Thank you for taking action!

SB 259 "Out-of-Network Health Care Provider Charges" was defeated thanks to you and organized medicine!

Our analysis of this bill was that:

  • The issues surrounding OON provider charges are more complex than those addressed in this legislation. Not all providers choose to be out of network. Plans are narrowing their networks and are deselecting physicians without cause and disrupting continuity of care between physicians and patients.
  • The bill provides unfair bargaining power to health plans during contract negotiations with physicians, even with larger multi and single-specialty practices. These negotiations are often conducted between Fortune 100 insurance companies with huge infrastructure and small physician practices. One of the last remaining bargaining points physicians have is not contracting in order to compel plans to set fair and reasonable business terms for in-network services. Allowing plans to pay their average in network rate for the relevant geographic area places a cap on OON charges, and de facto sets the contract (par) rates. This, in effect, is a rate regulation by health plans.
  • The required filing of a lawsuit to collect reasonable OON charges will increase administrative burdens and practice costs on already stressed physician practices.  This absolutely adds to physician administrative costs and is literally not financially sustainable for physicians. 
  • Before services are rendered physicians will be required to notify insured persons of "out of network" status if reasonably practicable. The provider's OON status will often not be known given multiple products being sold by individual health plans and the movement to commercial narrow network plans also being sold. Such notification places the consumer in the untenable position of making a last minute choice or being liable for OON charges.
  • Capping out-of-network payments to "at least carrier's average in network rate for the relevant geographic area" will incentivize plans to set their in network rates very low (see Report of Office of the Attorney General, State of NY, The Consumer Reimbursement System is Code Blue - legal precedence that carrier's do not set reimbursement at a fair and reasonable amount.)
  • Health plans are required under current law to hold the patient harmless from OON billings. Health plans have failed to put adequate processes in place to assure that these consumer protections are implemented. As a result, consumers are complaining that they feel obligated to pay the OON provider themselves.
  • Charitable hardship exemptions will go by the wayside. Threatening physicians with additional liability exposure will shut down charitable hardship exemptions. The bill does not state how carriers will determine if the insured did not qualify for a charitable exemption or what proof would be necessary.  The plans will have the unfettered ability to declare that a particular service is a per se deceptive business practice and the physician would have to sue in civil court to get paid for services.

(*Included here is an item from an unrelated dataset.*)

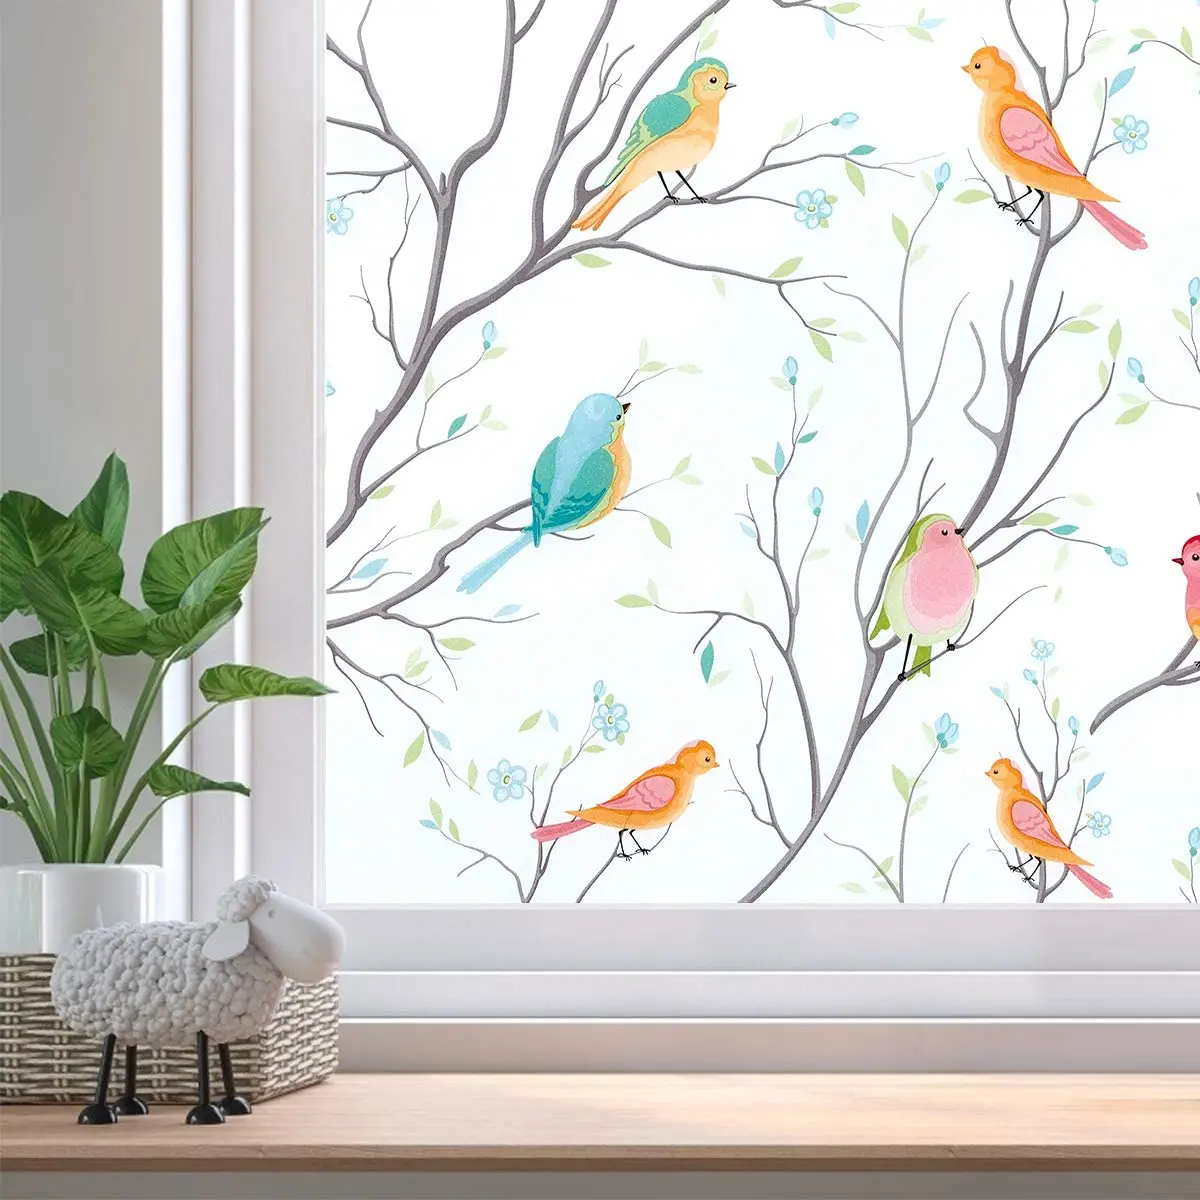 

LUCKYYJ Bird Privacy Window Film Frosted Stained Glass Film Static Cling Self Adhesive Window Stickers for Home Bathroom Office

The provisions of this bill are such that when a physician provides out-of-network (OON) services in an emergency or at an in-network facility:

  • The OON provider, who does not have a contract with the health plan, is required to submit a bill to the person's health plan, and not collect any payment from the patient, beyond deductibles, copayment and coinsurance and is prohibited from any further balance billing of the patient.
  • The health plan is allowed to reimburse the OON physician the average in-network or contract rate for the relevant geographic area as established by the health plan. 
  • To receive more than the average contracted rate established by the health plan, the OON physician must:

1. Prove that the patient was notified of the provider's non-participation status or that providing such disclosure was not "reasonably practicable" (such disclosure will not waive the patient's rights to be held harmless and "reasonably practicable" is not defined); and,
2. Submit a demand for any remaining amount to the health plan.
The health plan is required to either pay the demanded amount or attempt to negotiate the difference. Because there is no requirement that the negotiations meet an agreement or result in additional payment, to collect usual OON charges, a physician will have to hire an attorney, file a civil action, pay the cost of filing the lawsuit, all on a claim-by-claim basis and wait a minimum of 100 days to be paid.  This process is burdensome, time consuming, costly for physician practices and simply not realistic. 

If a physician, in the course of business, waives any deductible, copayment or coinsurance on any claim:

Except for schools and charitable purpose (substantial financial hardship), the physician, without any due process, could be determined by the health plan to have engaged in deceptive trade practices and forfeits any right to reimbursement. This imposes strict or per se liability for even one waiver of a copay where the health plan contends the insured did not have a substantial hardship, permits the health plan to deny coverage, without any due process for the physician, and forces the physician to sue for his or her reasonable charges.

For non-emergent services with an OON provider:

For non-emergent services with an OON provider, the bill mandates that a physician get a written patient-disclosure/consent that the patient is knowingly seeking services with an OON provider, including upon request from the patient, the amount or estimated amount of the charges to be billed absent unforeseen circumstances.  The physician may not bill the person for OON services unless the person has chosen in writing, at or before the time of services to use the OON provider.